Remaining gaps (not addressed here)

• D2 (PostgreSQL crash recovery), F2/F3 (signal/cancel vs. completion races), and F5 (concurrent df.status() lock contention) require a shell-level or timing-sensitive test harness beyond what SQL-only E2E tests support.
• D3 (Disk full simulation — infeasible in SQL)
• D4 (Network partition to remote database)
• D5 (Clock skew / time jumps)
• D6 (Extension drop+recreate while instances are in-flight — partial: test 28 covers drop+recreate with no in-flight instances)
• E6 (Tampering with df.nodes mid-execution)

[pinodeca]

@copilot go ahead and implement the resilience testing plan proposed in this PR.

[Copilot]

@pinodeca I've opened a new pull request, #56, to work on those changes.

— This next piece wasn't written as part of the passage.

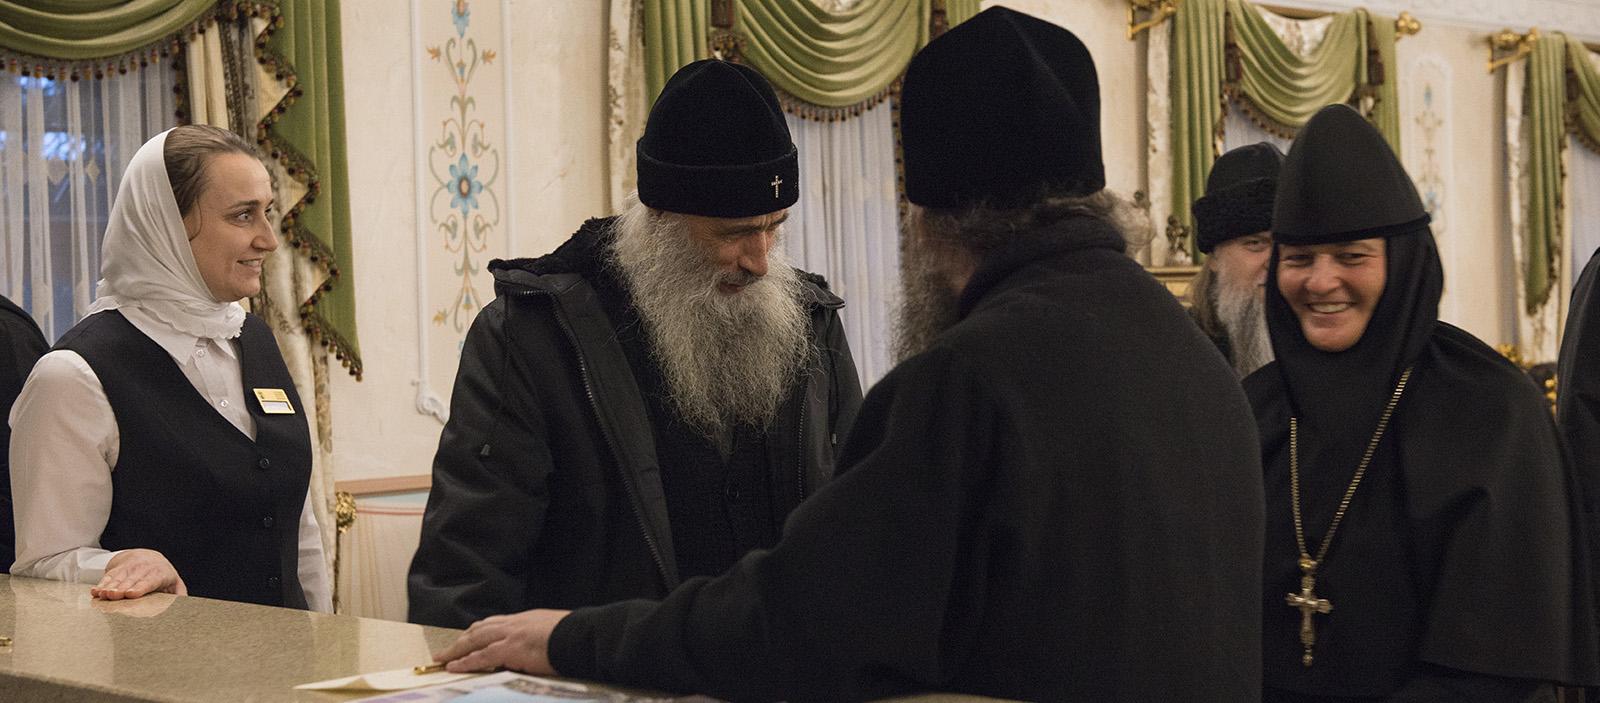 Patriarch Kirill visited the Pokrovsky new building 25
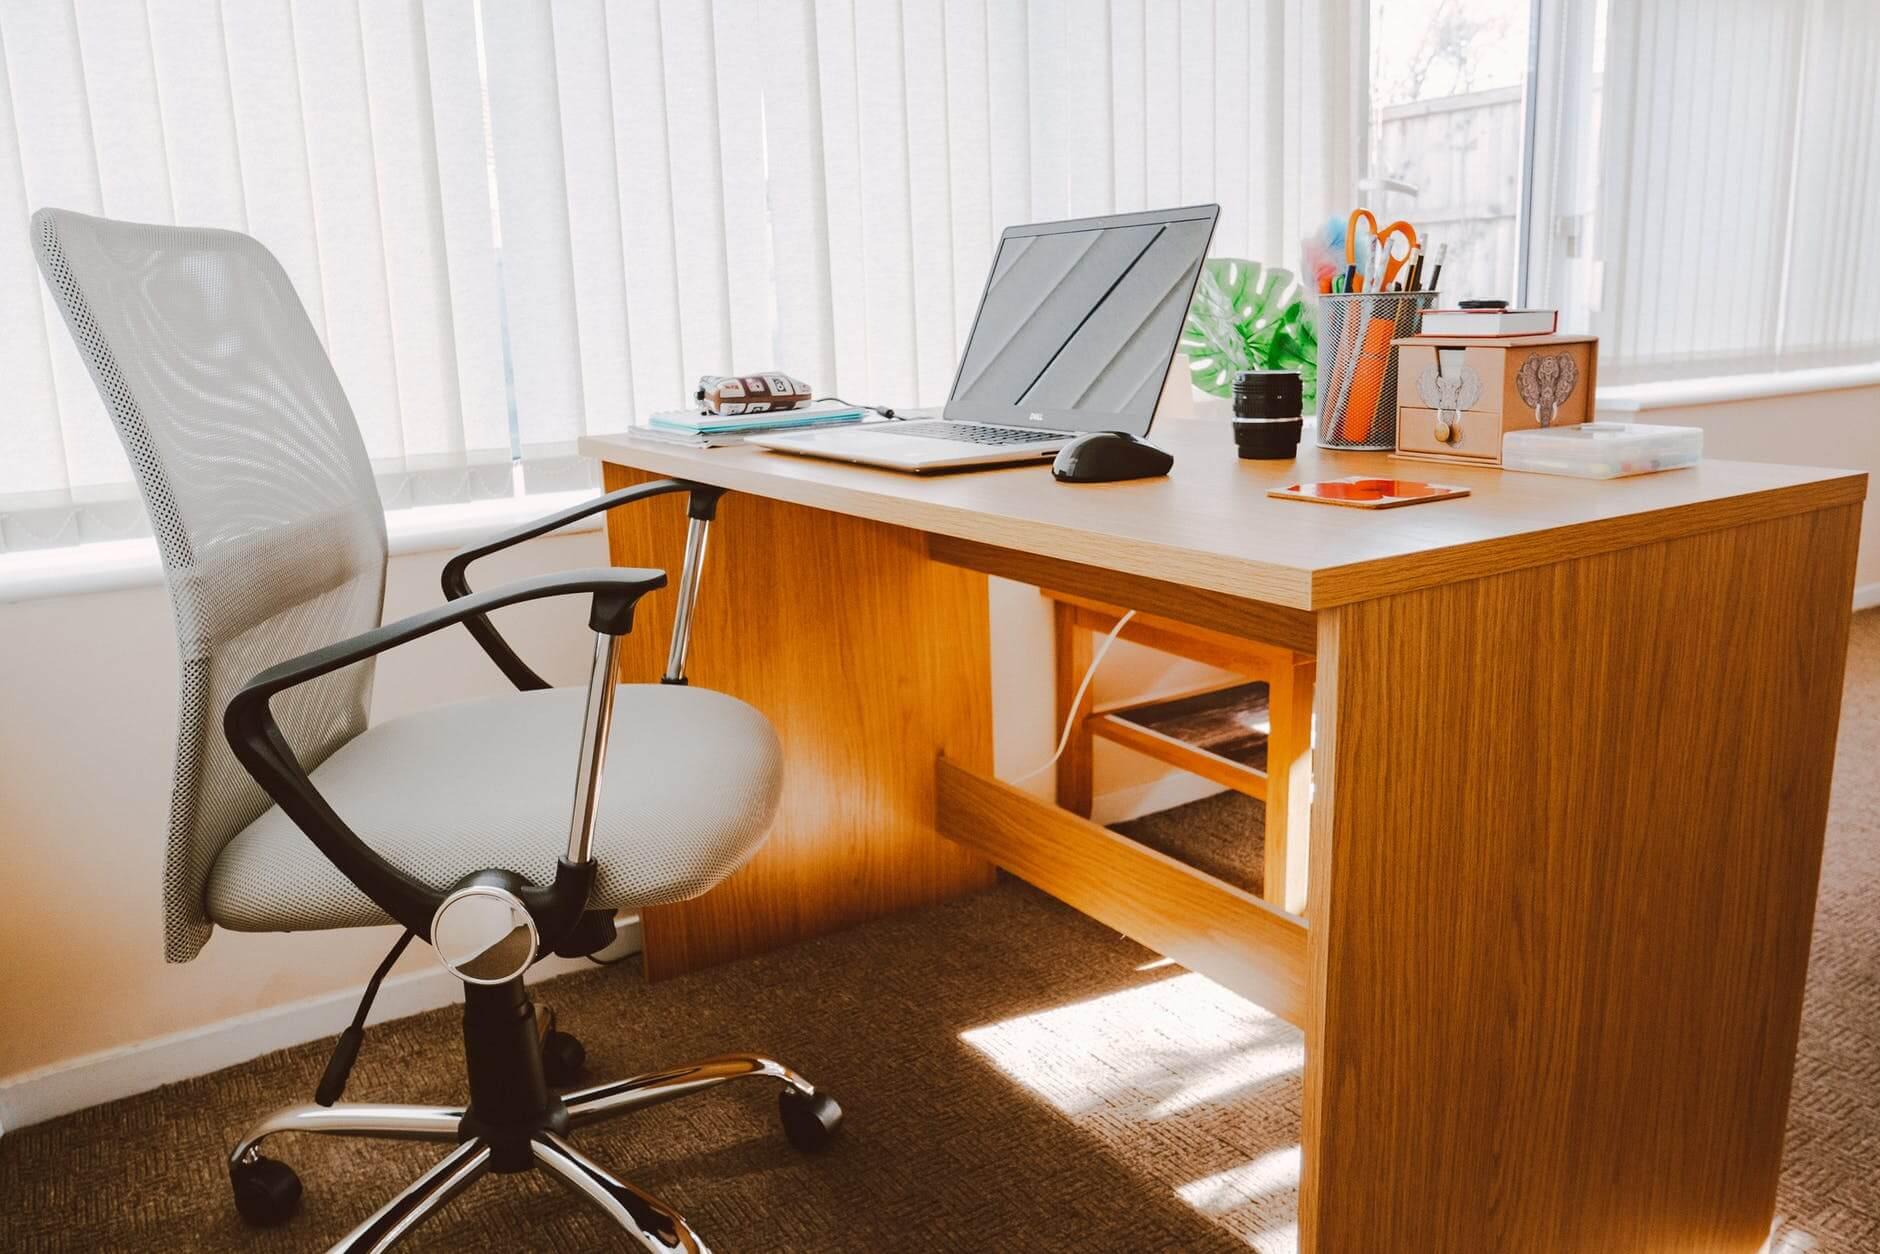 Jak wybrać krzesło do biurka?

Once the pull request is ready, I'll request review from you.

[pinodeca]

@copilot #56 implemented some of the resilience test plan but wasn't tested and then was merged into branch pinodeca/breakit, but this PR's description wasn't updated. Can you update it?

Regardless, continue implementing the resilience test plan. You may want to check the status of #56 - that's where we left off.

[Copilot]

@pinodeca I've opened a new pull request, #62, to work on those changes. Once the pull request is ready, I'll request review from you.

[pinodeca]

@copilot continue executing the plan in docs/resilience-testing.md

[Copilot]

@pinodeca I've opened a new pull request, #66, to work on those changes. Once the pull request is ready, I'll request review from you.